Perjalanan dengan isi kepala yang riuh. Untung saja, tidak kebablasan. Aku segera turun dari angkutan kota yang berhenti tepat di depan gerbang utama rumah sakit. Gedung rumah sakit ini masih khas dan begitu kentara terlihat sebagai bangunan peninggalan masa penjajahan Belanda. Dinding-dindingnya yang kokoh dan tinggi masih bertahan. Bahkan sebuah pintu besi di salah satu sisi, dibiarkan tetap di posisinya. Mengingatkanku pada bangunan rumah tahanan yang kerap muncul di film-film. Dengan satu pintu keluar yang berukuran kecil. Pas setinggi dan selebar satu orang dewasa.

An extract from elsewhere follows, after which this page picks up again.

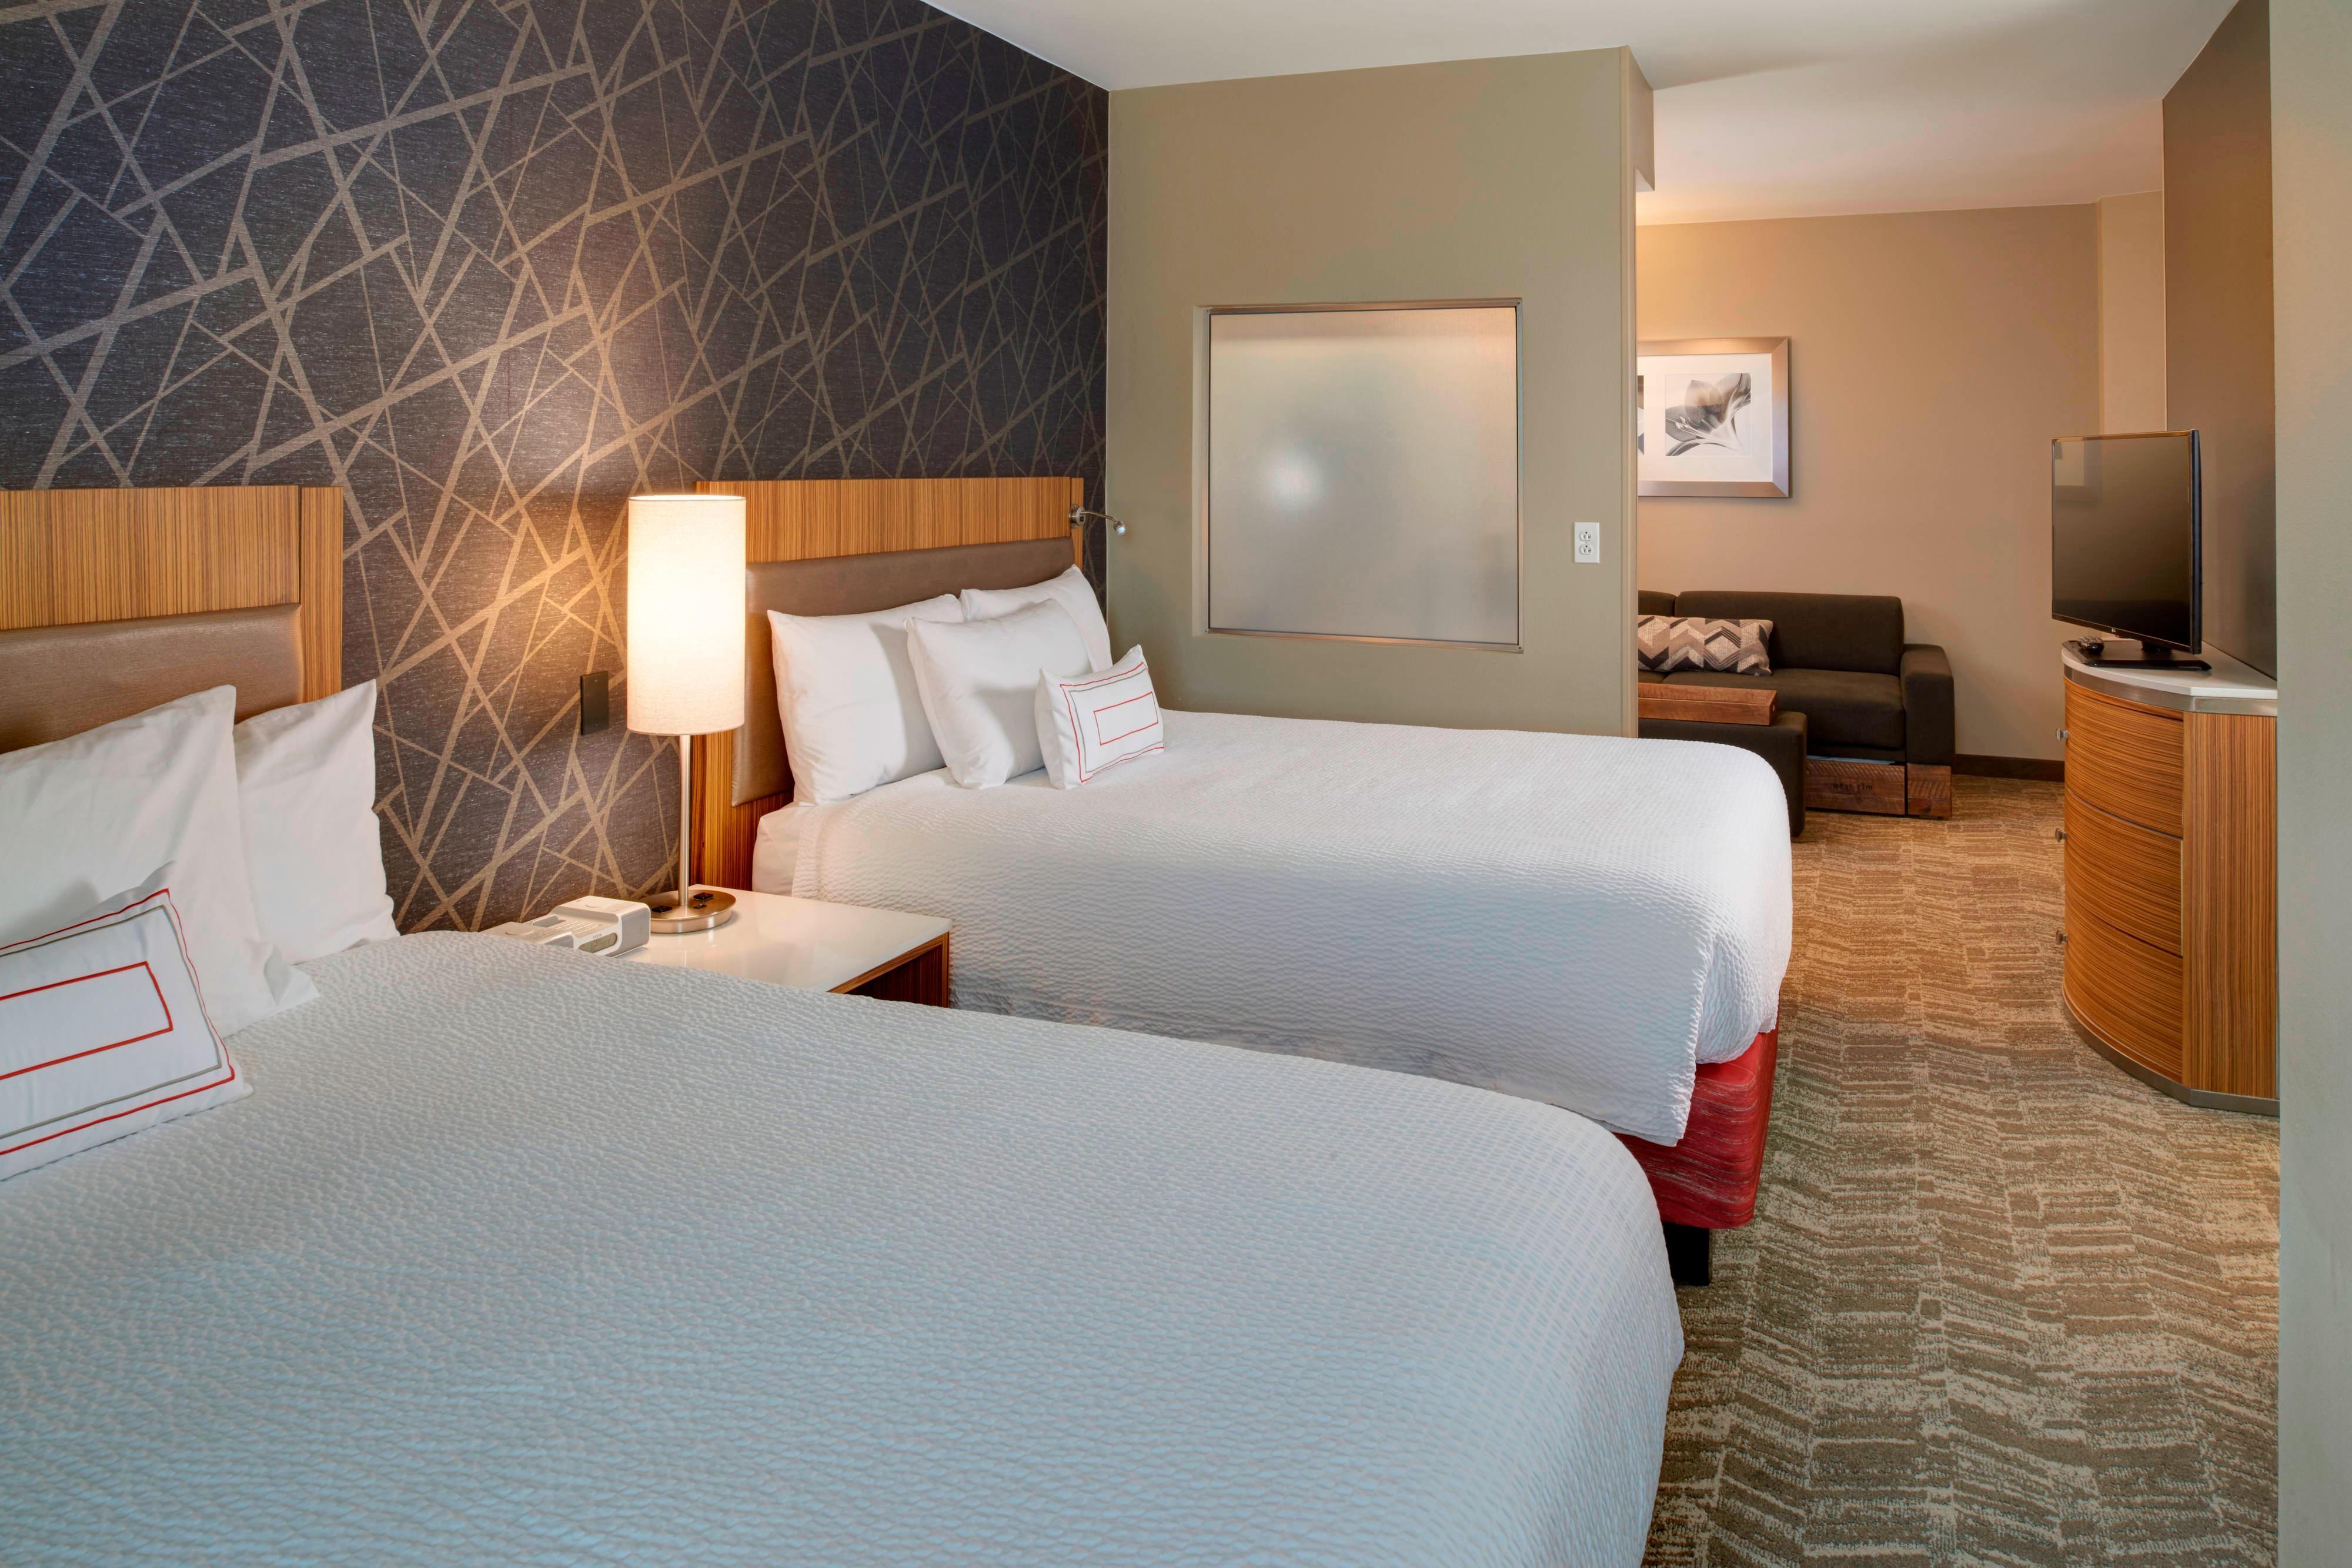 Suite mit zwei Queensize-Betten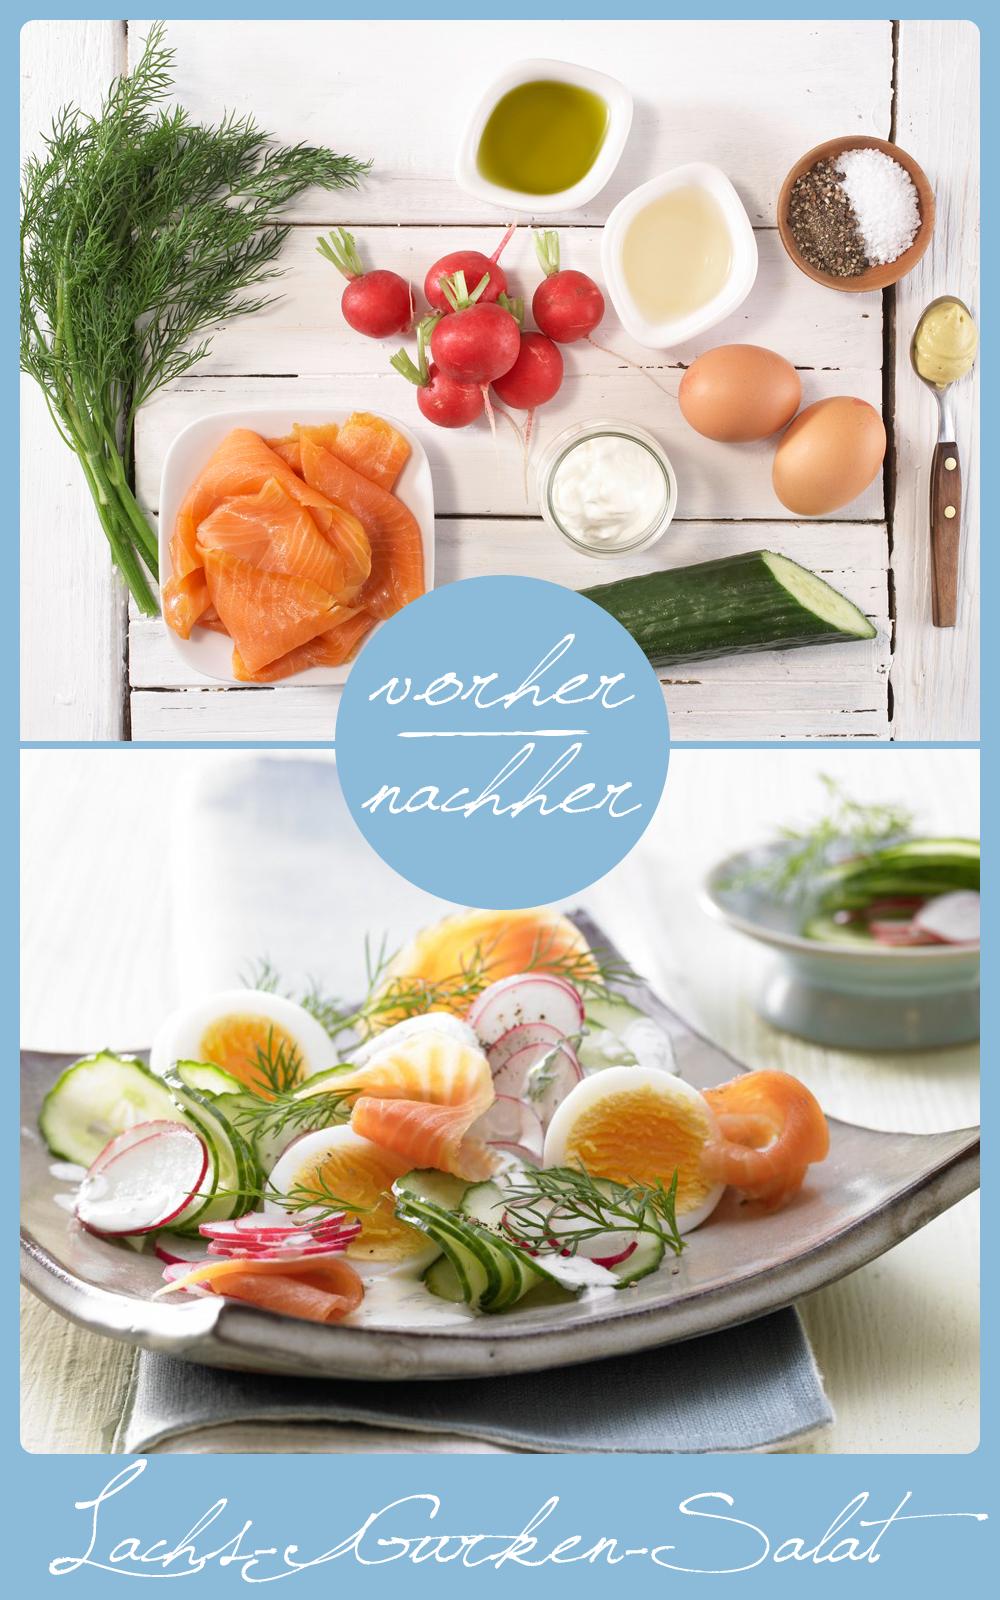 lachs gurken salat rezept eat healthy eat smarter pinterest salat essen und rezepte. Black Bedroom Furniture Sets. Home Design Ideas

Aku mesti bertanya beberapa kali pada orang-orang di sekitar sana. Kebingungan di mana pintu masuk menuju ruangan rawat inap. Ah, coba Ami kuajak. Namun, lagi-lagi aku lebih memilih menuruti kata hati, untuk tidak lagi melibatkannya. Satu kali pun sesudah hari itu. Bukan hanya karena aku tidak mau membuatnya ikut-ikutan pusing, akan tetapi aku merasa akan ada banyak sesuatu yang muncul di hadapan nanti. Aku tidak bisa membahayakan dirinya. Melihat Viona yang diangkat dan dibawa masuk ambulance saja, sudah cukup membuatku lemas. Kurasa, aku tidak akan mampu melihat yang lebih dari hal itu.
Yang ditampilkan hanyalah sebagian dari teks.